I'm sure devious testers can enhance this list with their favorite ways of breaking systems. However, stress testing does not break the system purely for the pleasure of breaking it, but instead it allows testers to observe how the system reacts to failure. Does it save its state or does it crash suddenly? Does it just hang and freeze or does it fail gracefully? On restart, is it able to recover from the last good state? Does it print out meaningful error messages to the user, or does it merely display incomprehensible hex codes? Is the security of the system compromised because of unexpected failures? And the list goes on.

Conclusion

I am aware that I only scratched the surface in terms of issues, tools and techniques that deserve to be mentioned in the context of performance, load and stress testing. I personally find the topic of performance testing and tuning particularly rich and interesting, and I intend to post more articles on this subject in the future.

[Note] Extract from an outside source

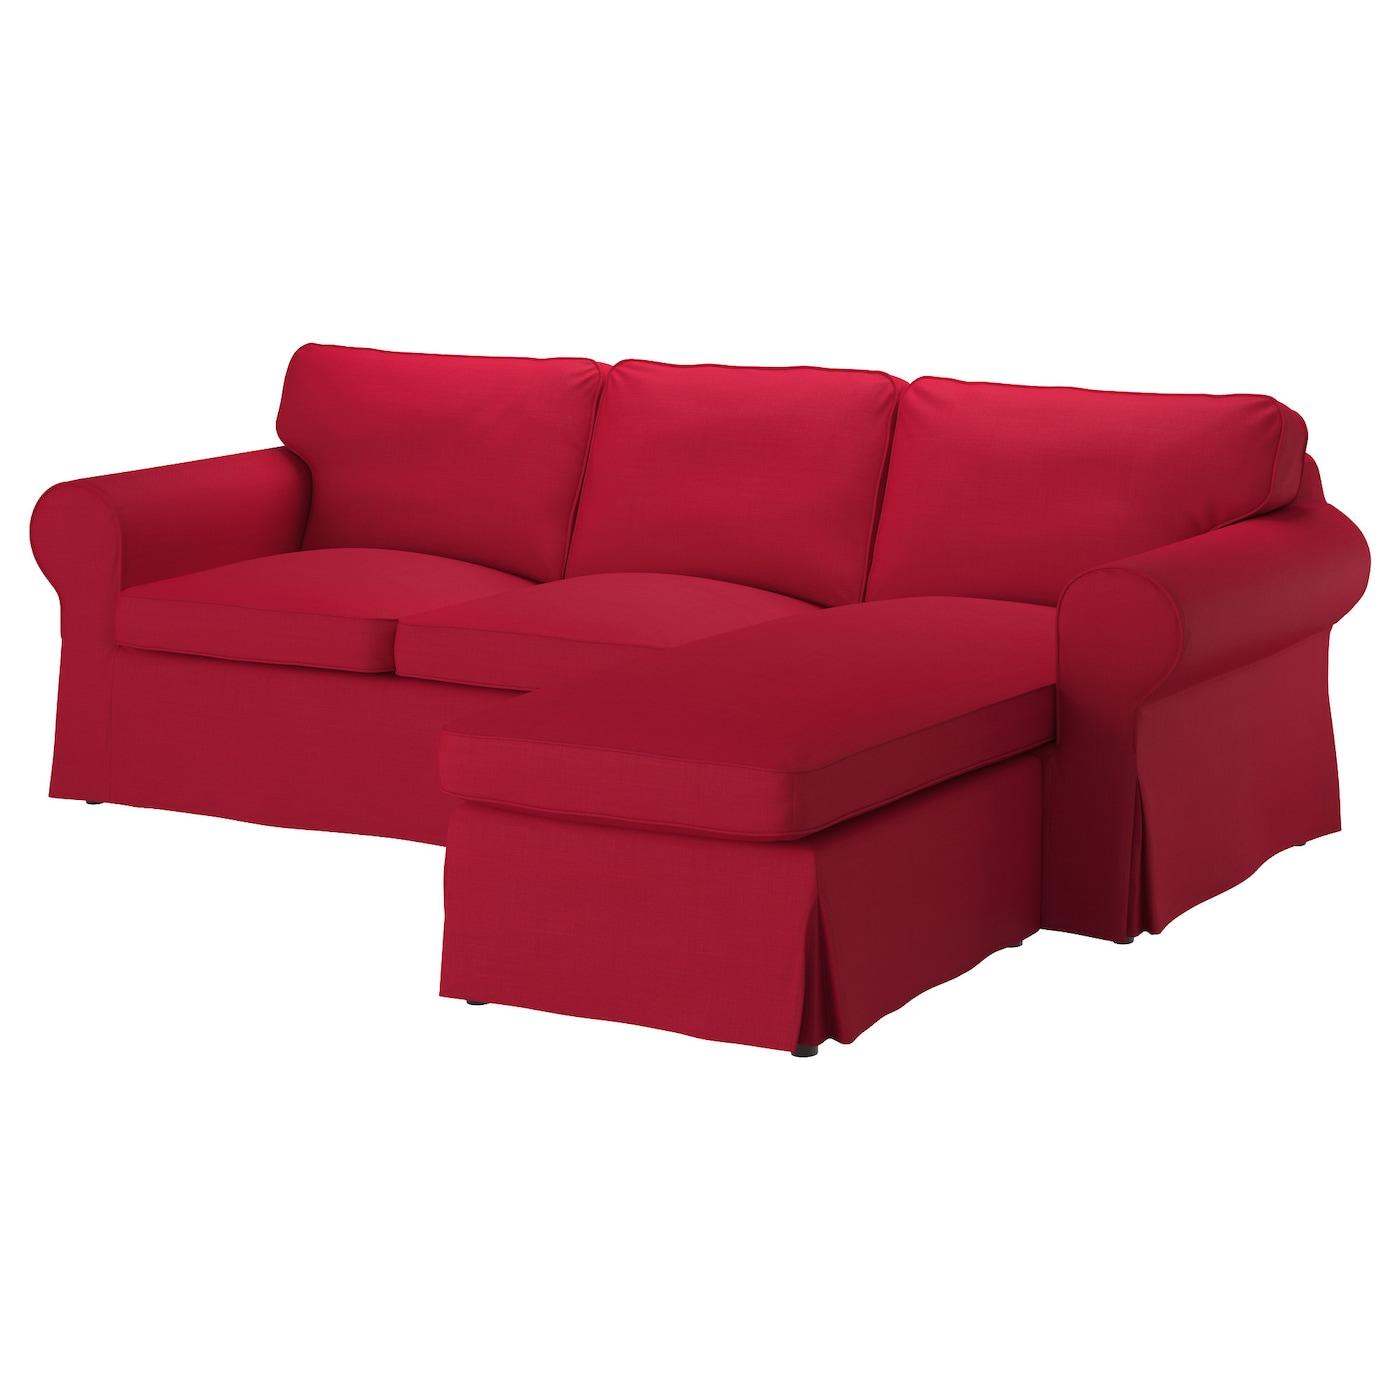 Ektorp two seat sofa and chaise longue nordvalla red ikea - Fundas para sofa chaise longue ...

Web load testing (article 2) - be generous with pacing

This is the second article explaining a practical approach to
avoiding misunderstandings concerning concurrent user load.

If you read the first article, you will be aware of my obsession with achieving even pacing for each test user. Here I will explain how to design tests to achieve even pacing.

First, a digression on thinking time and system time.

Most load testing tools allow the user thinking time to be simulated. In fact, most allow thinking time to be recorded during a user session so it can be replayed during the load test. I always include thinking time in the web session. This ensures that the total duration of each user session roughly corresponds with reality. This is important where the web system maintains sessions for users – you want the number of concurrent sessions to be realistic.

I also like to use transaction timers to measure ALL activity that is not user thinking time. In other words, I use timers to measure all system activity. Not surprisingly, I call this “system time”.

I estimate the minimum system time by running the web test script for a small number of users and adding up the times of all transactions. I multiply the system time by three to allow for slow-down under load, and add the thinking time. Then I add a comfortable margin for error, and end up with a pacing time that should be achieved– even under heavy load.

So there is my tip – allow plenty of time for each user session. Be generous with your pacing. I do everything I can to ensure there is a pause between user sessions so pacing is maintained.

The astute amongst my readers will have worked out that being generous with pacing implies a larger number of test users. Let me explain. To achieve a specified load (say 720 user sessions started per hour) with a pacing of 5 minutes requires 60 test users, whereas with a pacing of 10 minutes requires 120 test users. You should take this into account during test planning.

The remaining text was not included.